After recording an eponymous solo studio album in 1972, Souther next teamed up with Chris Hillman and Richie Furay to form the Souther–Hillman–Furay Band. The group released two albums but creative tensions led to the band's demise.

He wrote "Run Like a Thief", which appeared on Home Plate by Bonnie Raitt in 1975.

1976 saw the release of Souther's second solo LP Black Rose, lushly produced by Peter Asher and considered by many to be his finest work.
It features a superlative duet with Linda Ronstadt, "If You Have Crying Eyes".

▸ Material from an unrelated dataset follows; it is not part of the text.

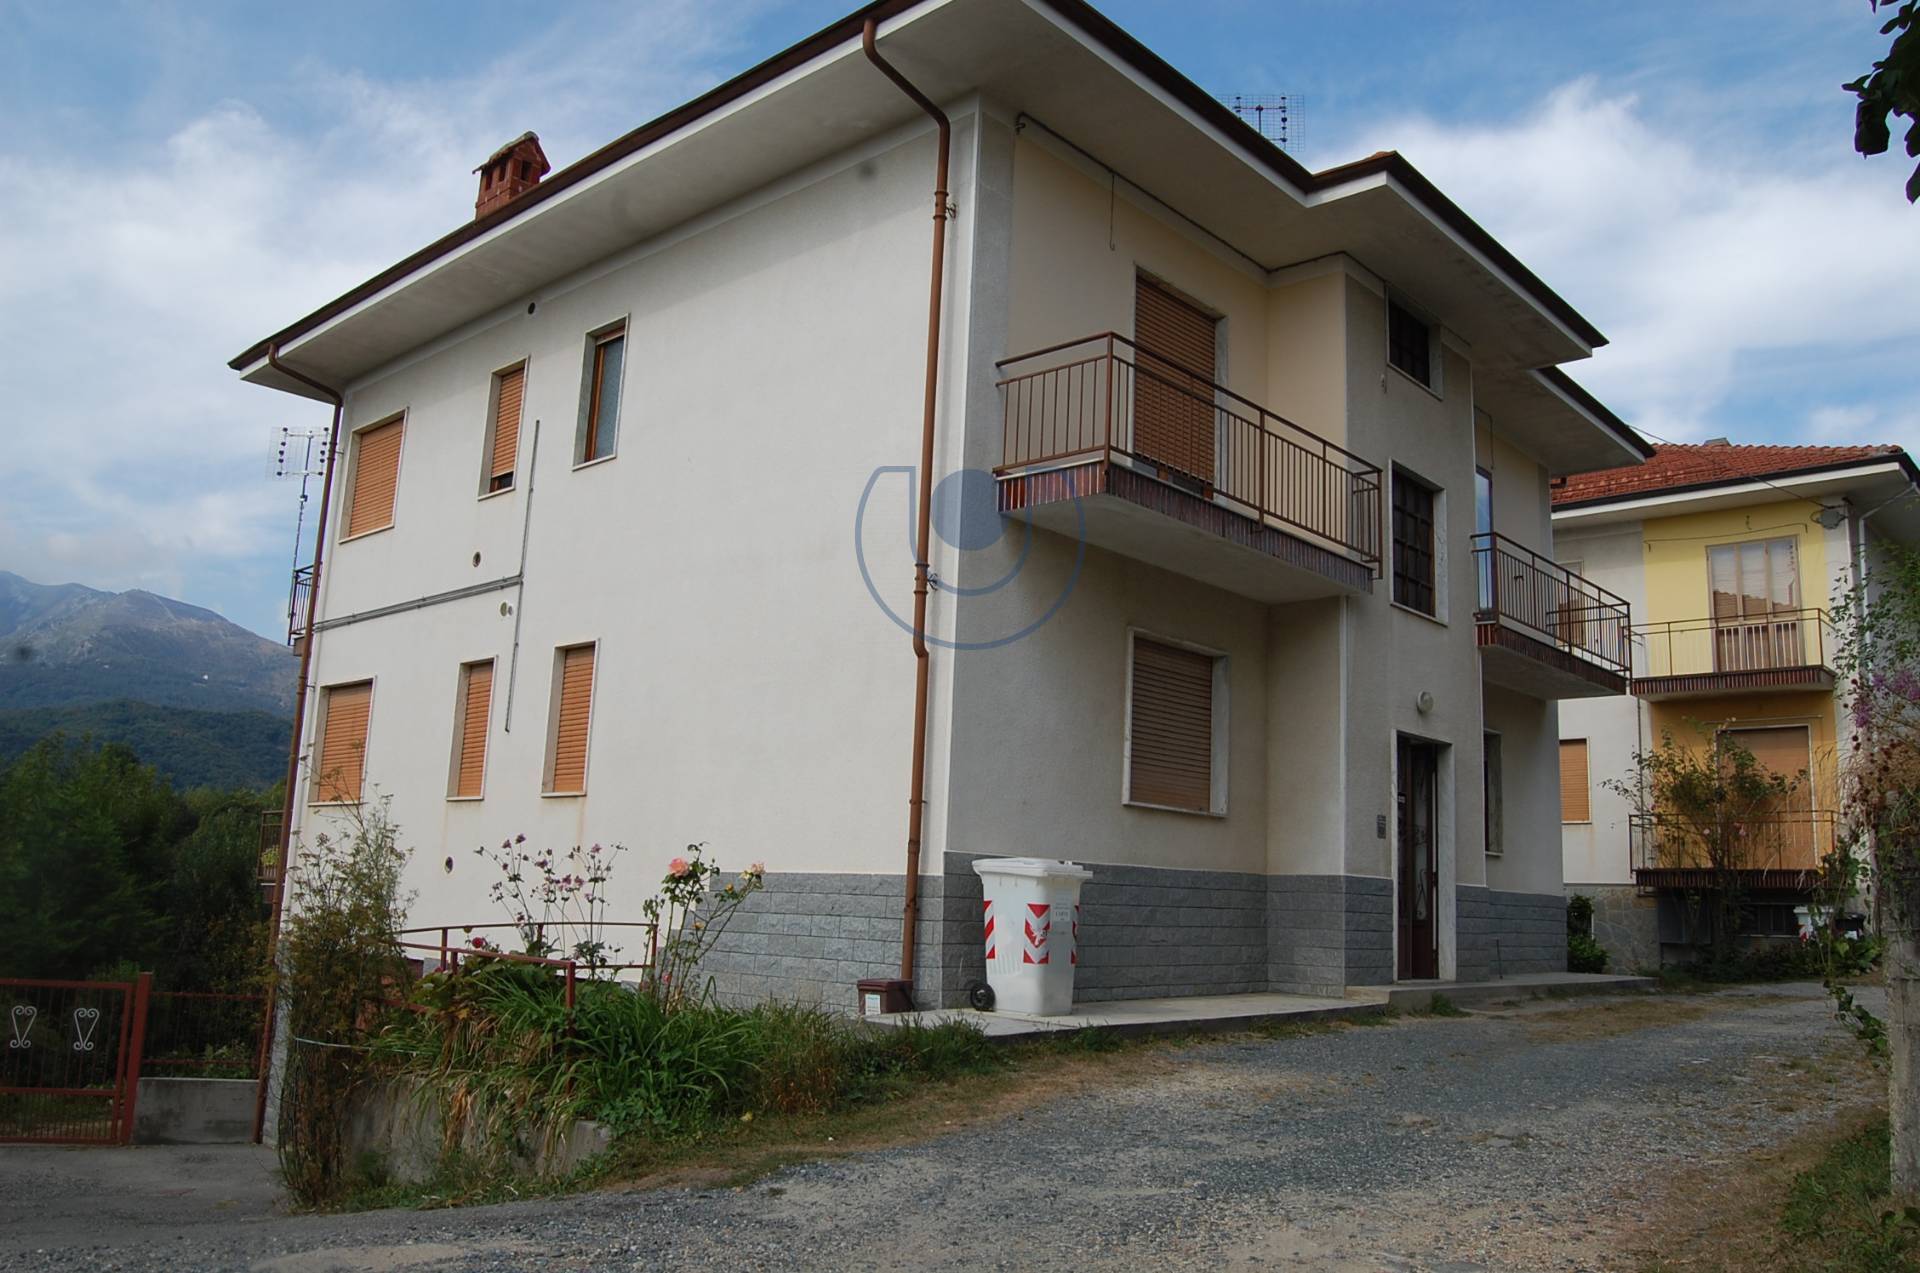 Appartamento in affitto Torino

Souther has contributed as a singer to works written by other artists, including backing vocals with Don Henley; on "The Light Is On" for Christopher Cross on his debut album; on the songs "False Faces" and "Loose Ends" on Dan Fogelberg's 1976 LP Nether Lands; and, with Fogelberg, as the Hot Damn Brothers on Fogelberg's 1975 LP Captured Angel.

He scored his biggest solo hit with the 1979 song "You're Only Lonely" from the album of the same name, which reached number 7 on the Billboard Hot 100 and held the number 1 spot on the Adult Contemporary chart for five consecutive weeks.

The Eagles recording "Heartache Tonight," written by Souther, Bob Seger, Glenn Frey, and Don Henley, was released in 1979 and became the band's final chart-topping song on the Hot 100.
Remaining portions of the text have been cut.